◆ Instructions for the task ◆
Without the pictures, output all of the data exactly.

◆ Data block ◆
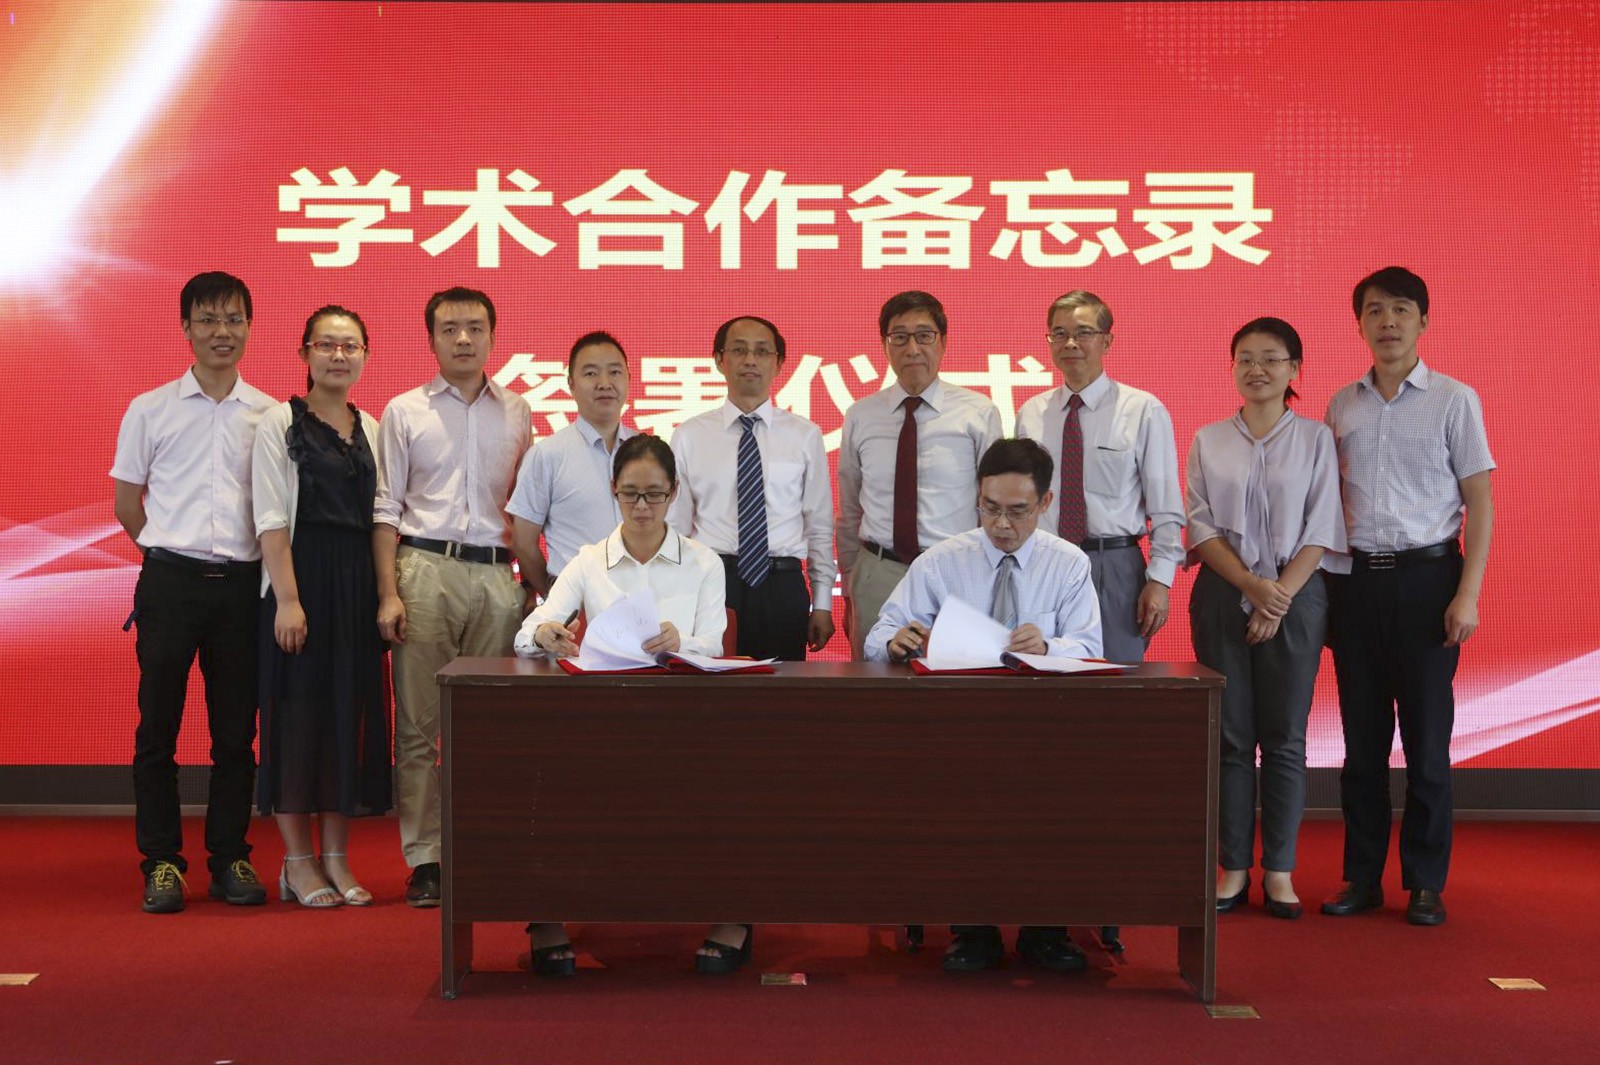 Professor Kuo (4th from right, back row) led a delegation to visit INEST where a framework agreement was signed for the deepening of collaboration.
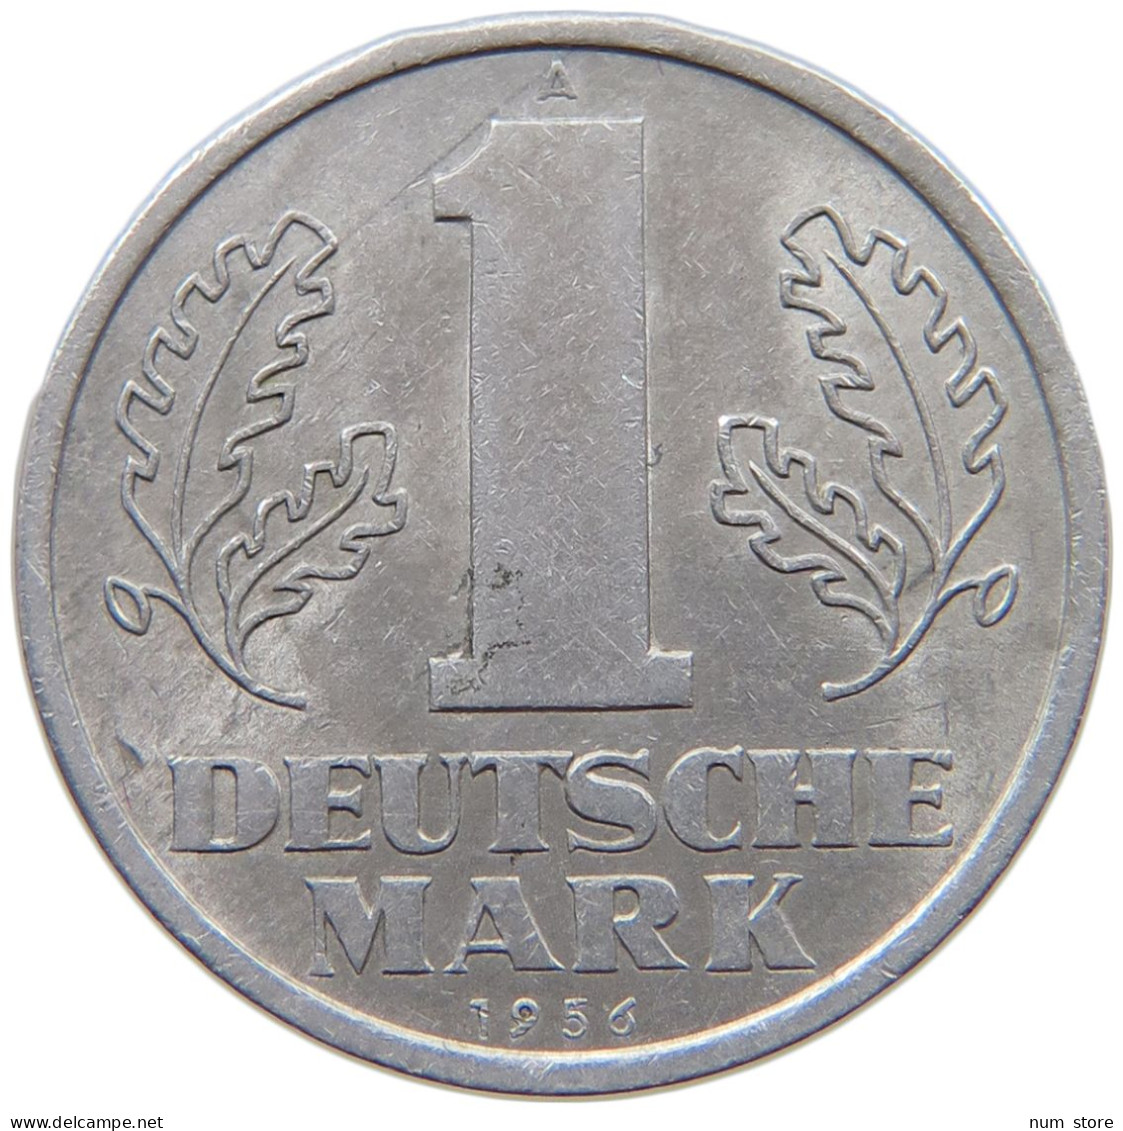 GERMANY DDR 1 MARK 1956 #a070 0605 - 1 Marco
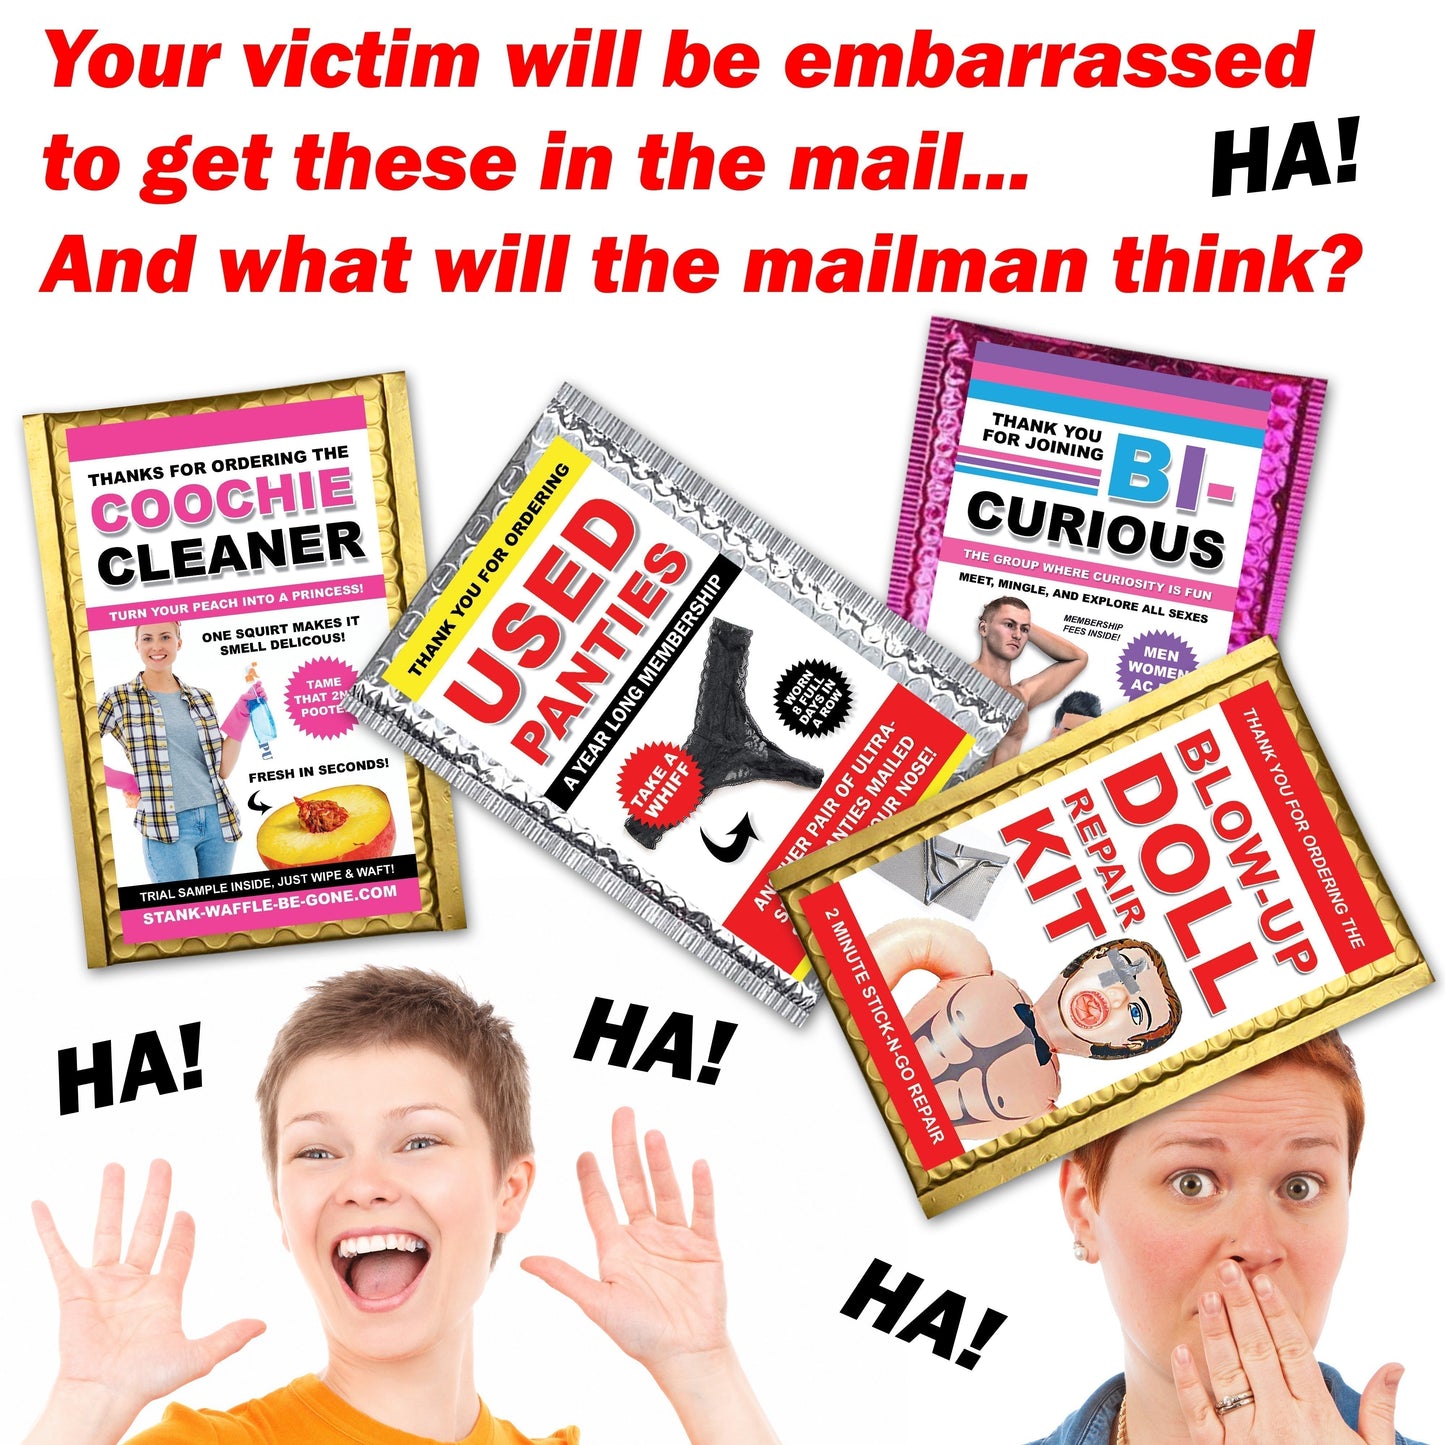 Sheep Lube embarrassing prank envelope gets mailed directly to your victims 100% anonymously!

◆ The answer ◆
 Professor Kuo (4th from right, back row) led a delegation to visit INEST where a framework agreement was signed for the deepening of collaboration.
 GERMANY DDR 1 MARK 1956 #a070 0605 - 1 Marco
 Sheep Lube embarrassing prank envelope gets mailed directly to your victims 100% anonymously!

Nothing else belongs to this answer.